Reversible reactions in the synthesis of COFs are usually condensation reactions where the reversability originates from the hydrolysis back reaction. Most COFs are synthesized either by boronic acid condensation forming boronic anhydrite or by boronic acid condensation with catechol (El-Kaderi et al., 2007). Other condensation reactions include imine (Uribe-Romo et al., 2009) or hydrozone (Uribe-Romo et al., 2011) formation through condensation of aldehyde and amine or aldehyde and hydrazide. Two reaction mechanism not based on condensation reaction have been reported to create crystalline frameworks. Covalent triazine frameworks (CTFs) produced by trimerization of dicyano compounds, however to generate reversibility the reaction has to be carried out under much harsher conditions (Kuhn et al., 2008). A recently reported reaction mechanism for the synthesis of crystalline, covalently connected organic networks is the dimerization of nitroso compound to azodioxides (Beaudoin et al., 2013). These compounds show excellent crystallinity and even enabled the first single crystal COF structures. However, due to the low stability, no permanent porosity could be achieved and upon removal of the solvent molecules the crystallinity was lost.
The first example of COFs (named COF-1) was prepared by self-condensation of benzene-1,4-diboronic acid, via the elimination of water (Côté et al., 2005).
Template Synthesis of Covalent Organic Polymer Networks
The synthesis of this class of materials is also based on irreversible covalent reactions; however, the synthesis is directed by a template. The template is usually formed via self-assembly using non-covalent interactions of the building blocks. In this class of materials, the network topology and overall morphology arises from the template, which is formed by self-assembly of molecular building blocks connected either via coordination bonds (e.g., a metal-organic framework or porous coordination polymer) or self-assembled via hydrogen bonding or van der Waals interactions.

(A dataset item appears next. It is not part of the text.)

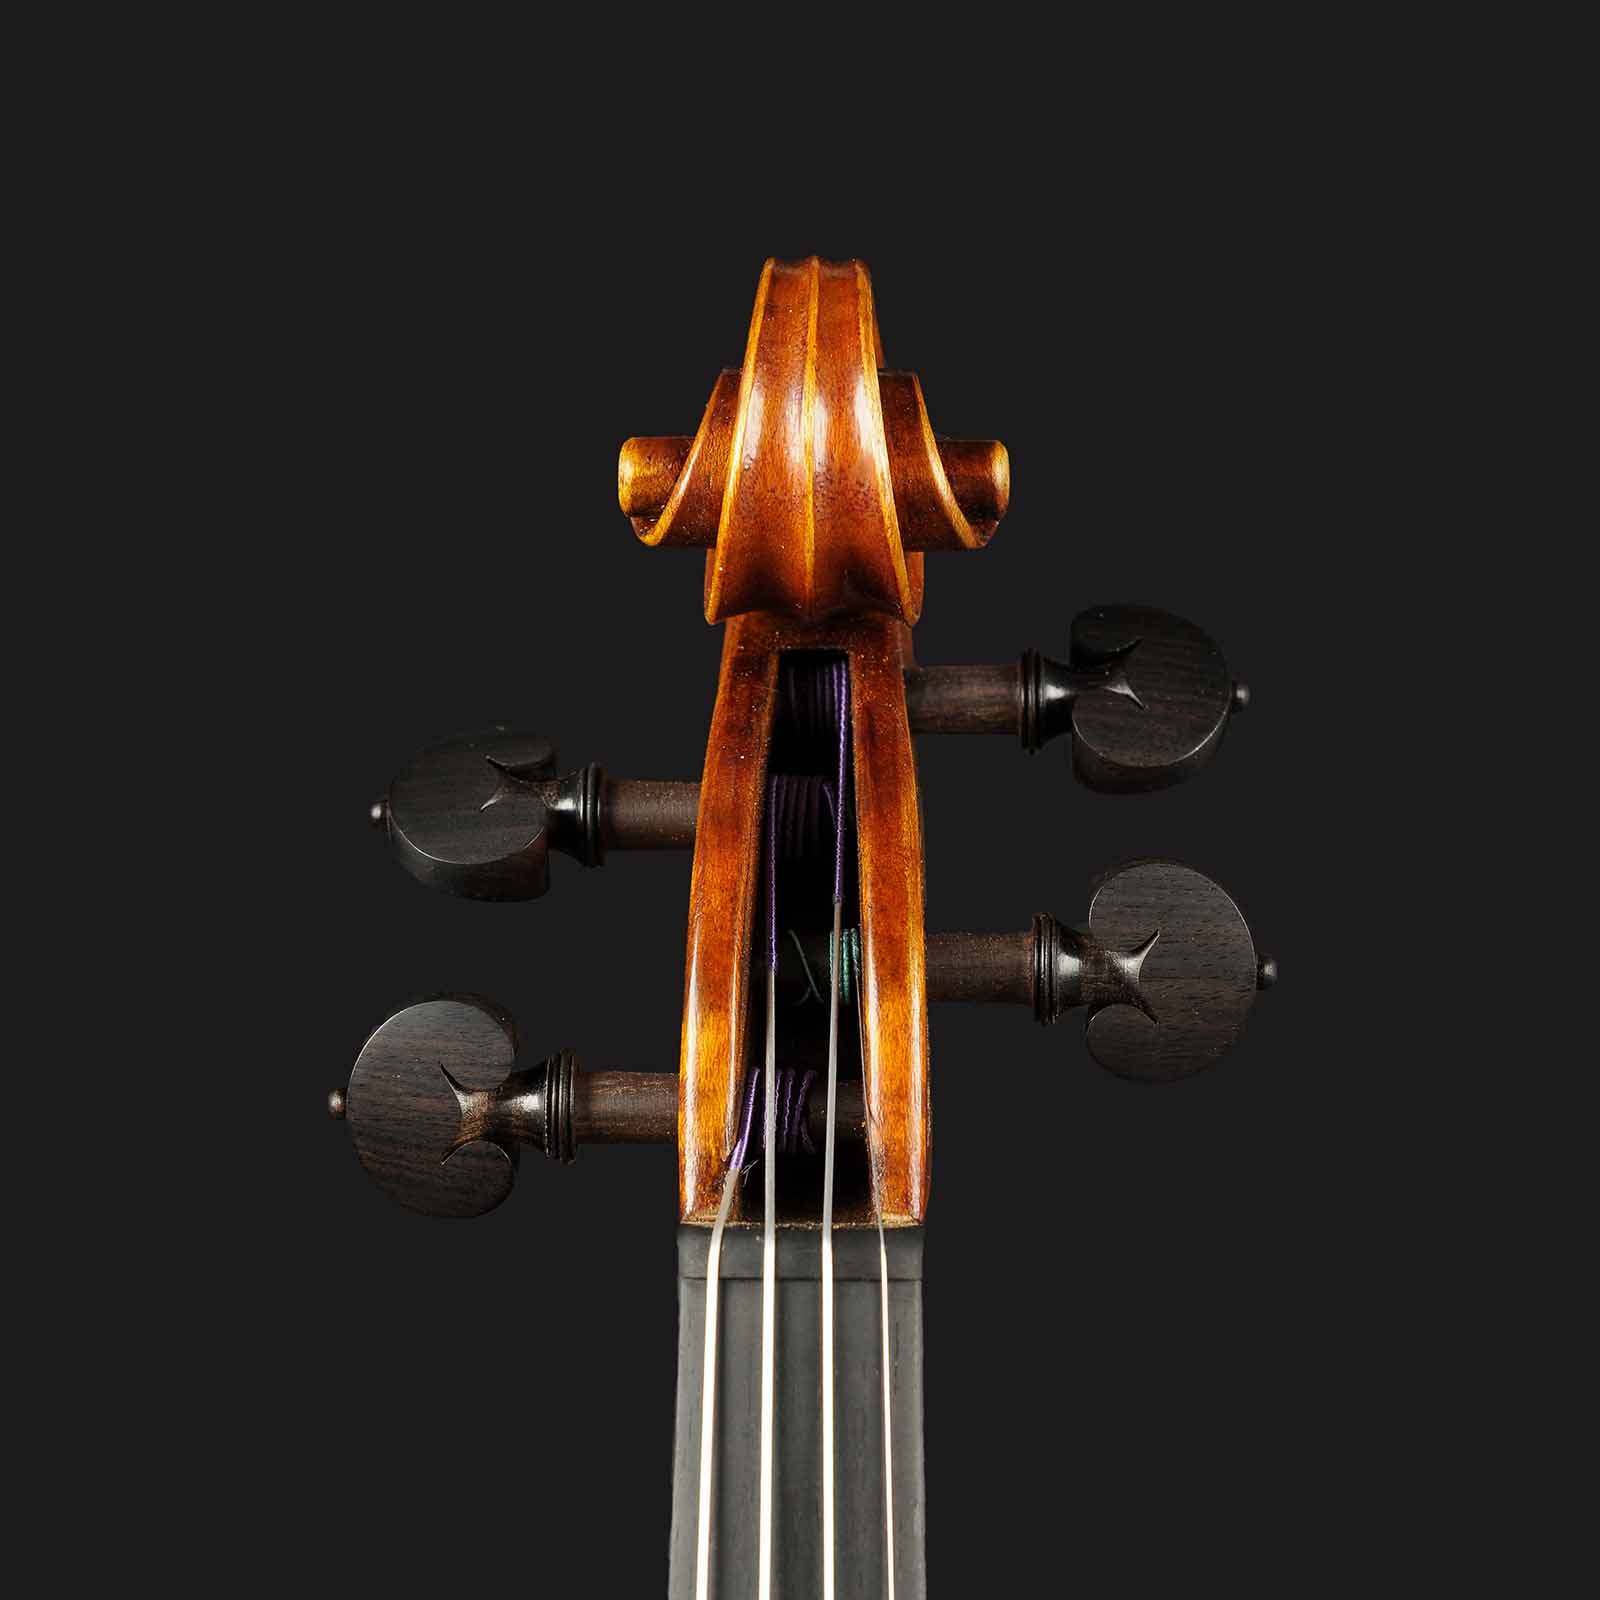 Stradivari & Del Gesù Stradivari & Mod. Del Gesù “The Twins“ - Image 3

These structures are, in a subsequent step, covalently cross-linked to enhance the thermal and mechanical stability. The templates employed for this process can be divided in completely preserved templates and sacrificial or semi-sacrificial templates.
The complete conversion of a template into a cross-linked structure involves the crystallization of a specifically designed photoreactive monomer into a layered structure and a photo-polymerization step within the crystal (Kissel et al., 2012).
The (semi-)sacrificial conversion of a template structure was achieved by the use of metal-organic frameworks as template. In this approach, “ideal polymer networks” were created by covalent cross-linking of the organic linkers in the MOF structure followed by removal of the metal ions. The transformation of templates consisting of well-defined three-dimensional nanoporous network such as MOFs represents one of the most promising routes for creation of polymer networks with well-defined repeating units in the network structure, i.e., “ideal network polymers” (Ishiwata et al., 2013; Tsotsalas et al., 2014).
Figure 2B lists the commonly used acronyms for covalently linked networks of paragraphs 1.1–1.3 and their properties.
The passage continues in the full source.